Exercise details: Give back the full listing, character for character, with no pictures.
*** Dataset section Section Begins ***
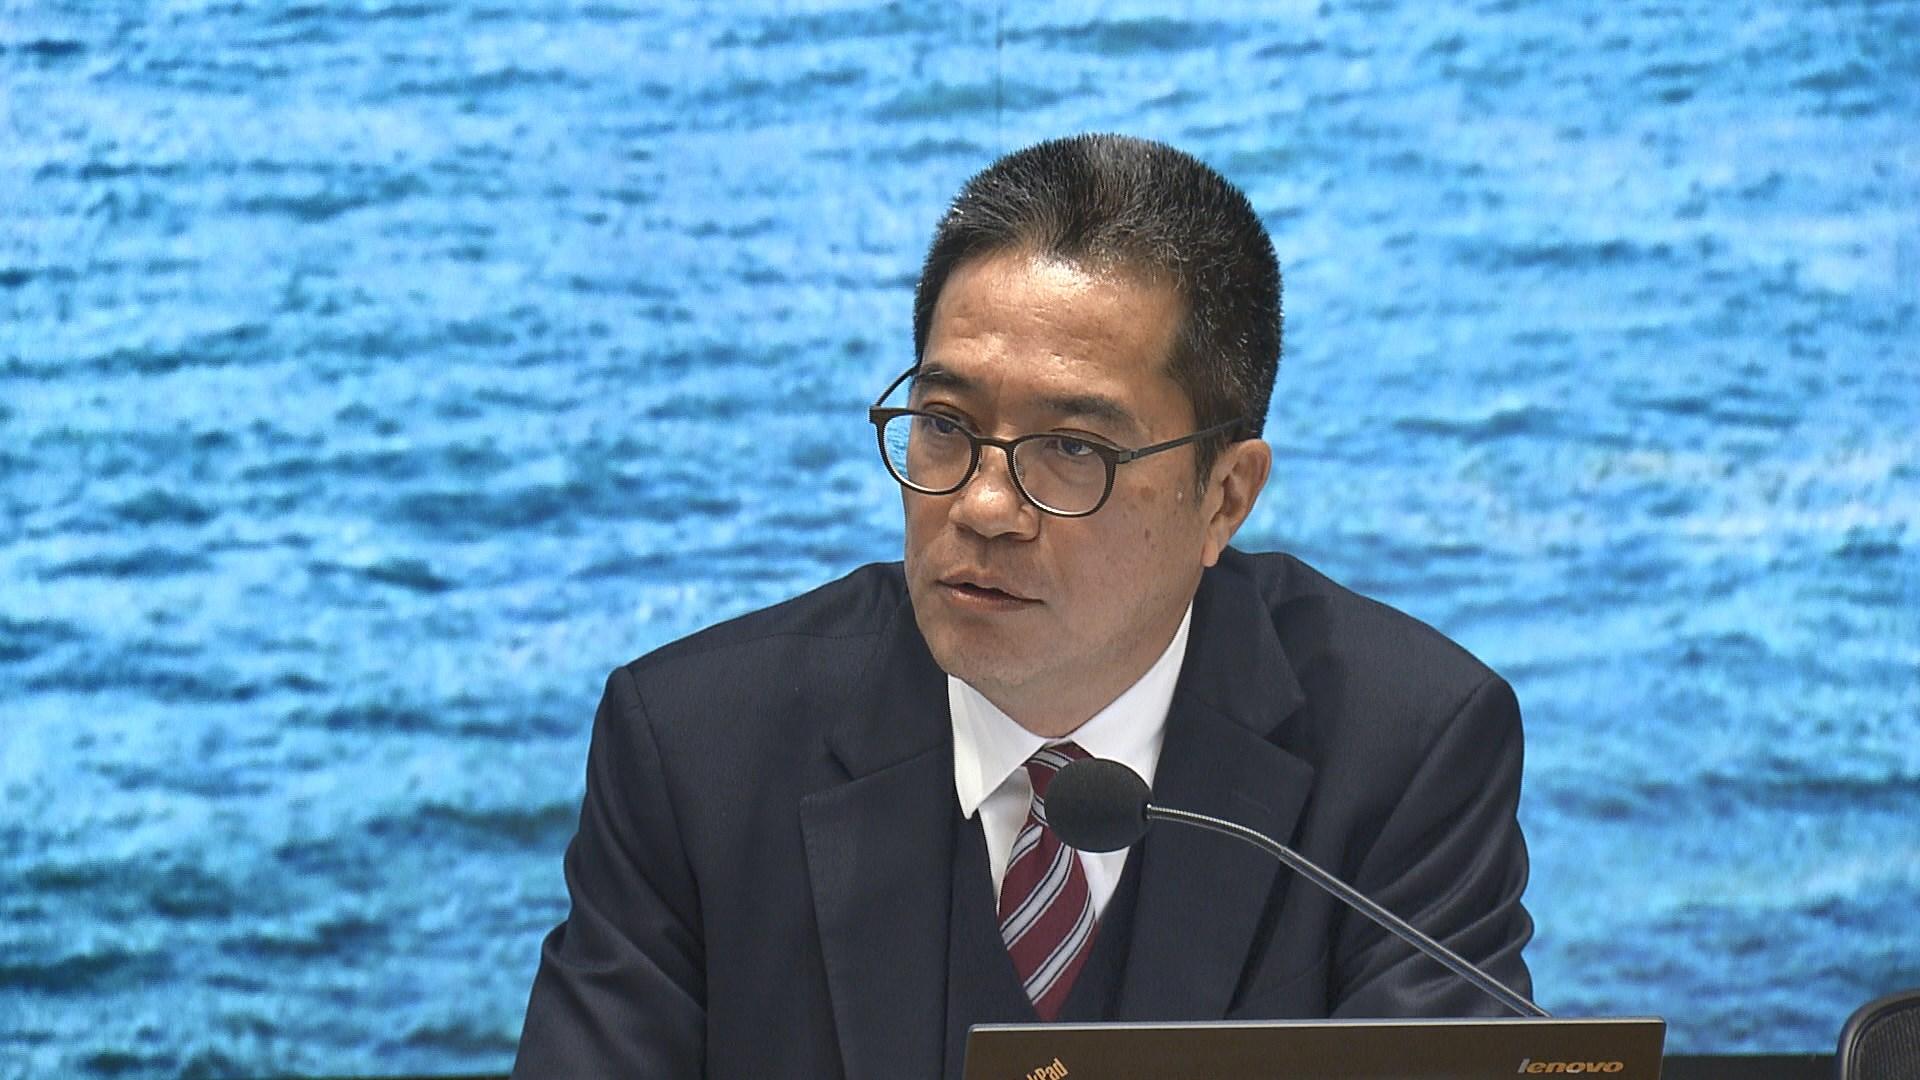 黃偉綸:明日大嶼賣地收入預測達萬億屬粗略估算
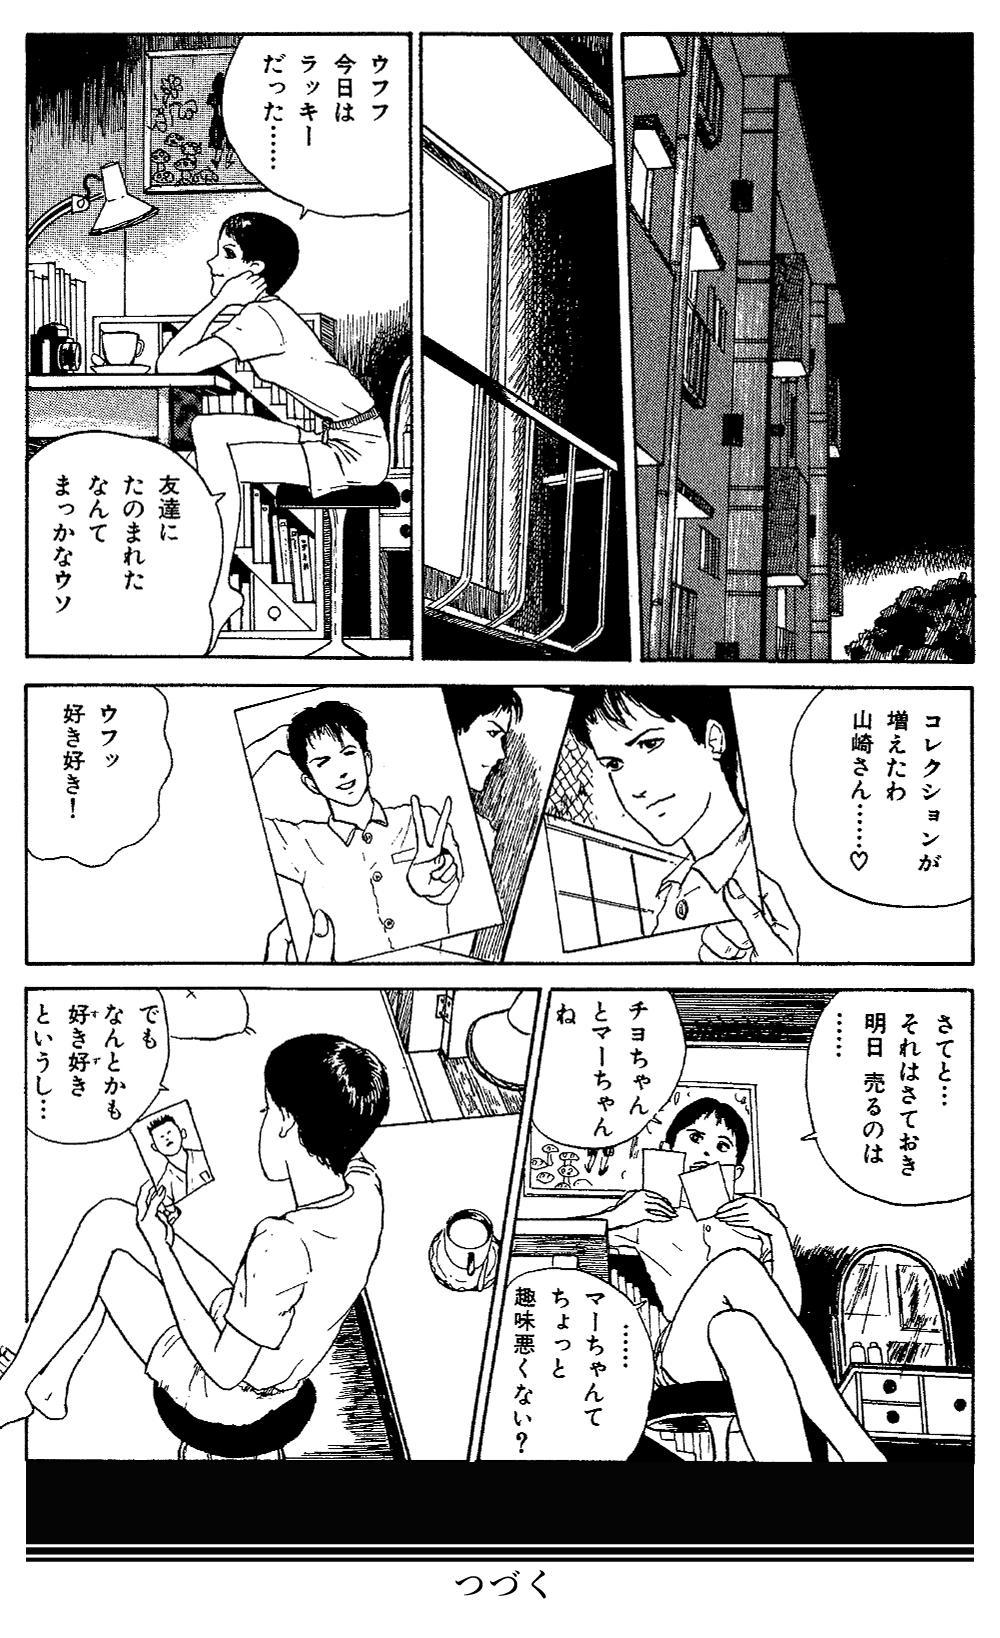 伊藤潤二傑作集 第4話「富江 写真」①juji10-12.jpg
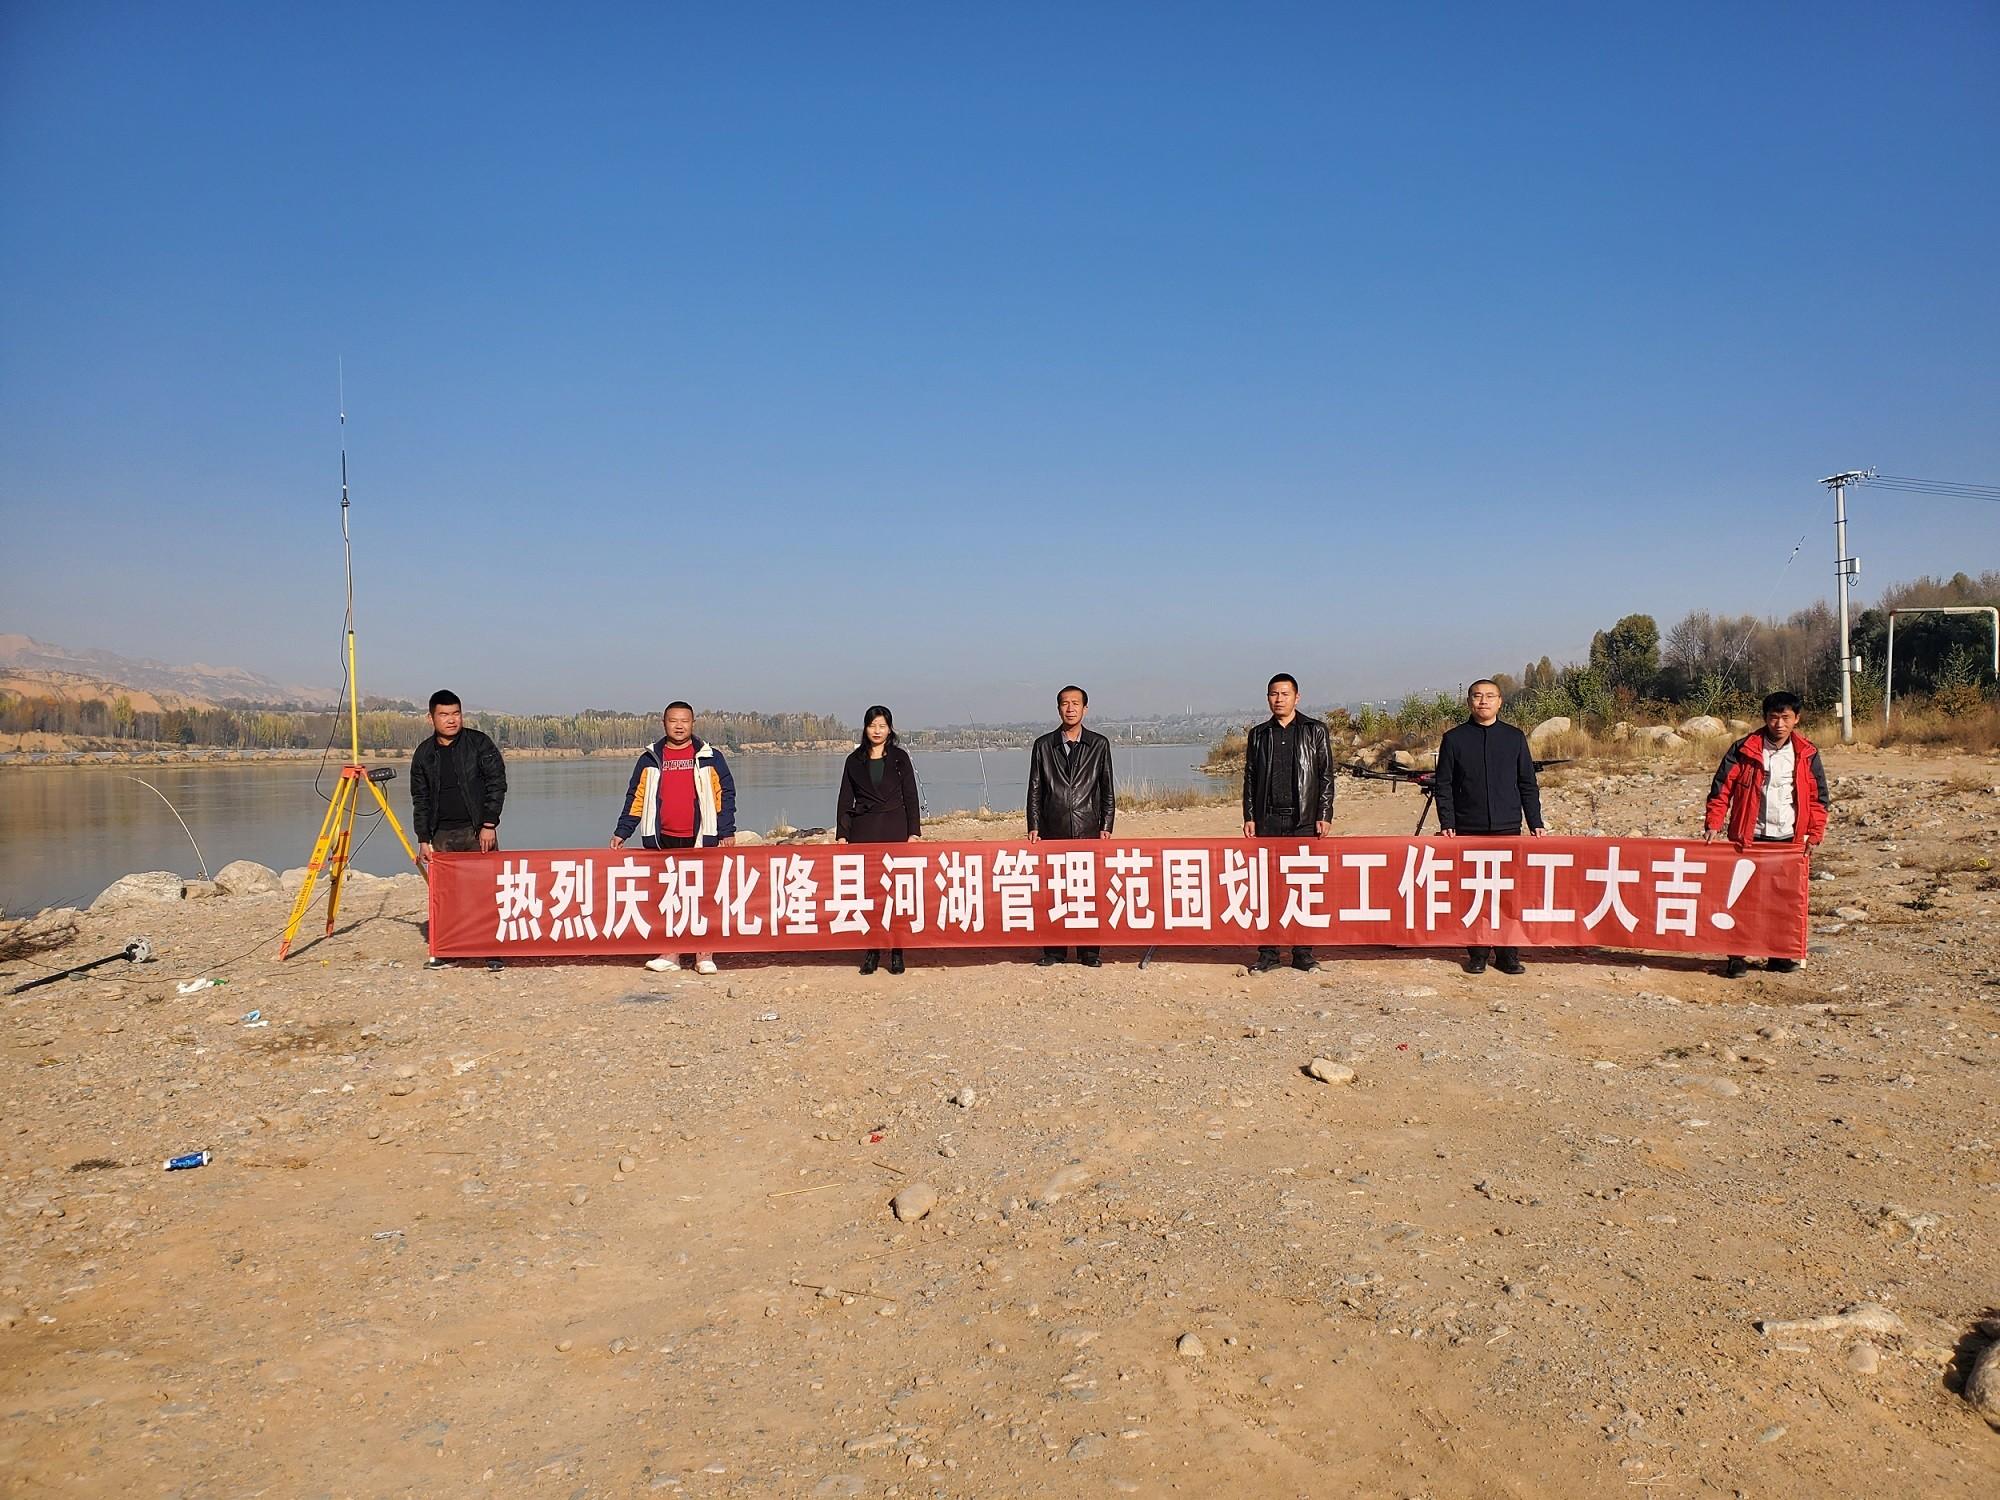 祝賀!青海省化隆縣河湖管理范圍劃定工作開工大吉
*** Dataset section Section Ends ***
Exercise response:
 黃偉綸:明日大嶼賣地收入預測達萬億屬粗略估算
 伊藤潤二傑作集 第4話「富江 写真」①juji10-12.jpg
 祝賀!青海省化隆縣河湖管理范圍劃定工作開工大吉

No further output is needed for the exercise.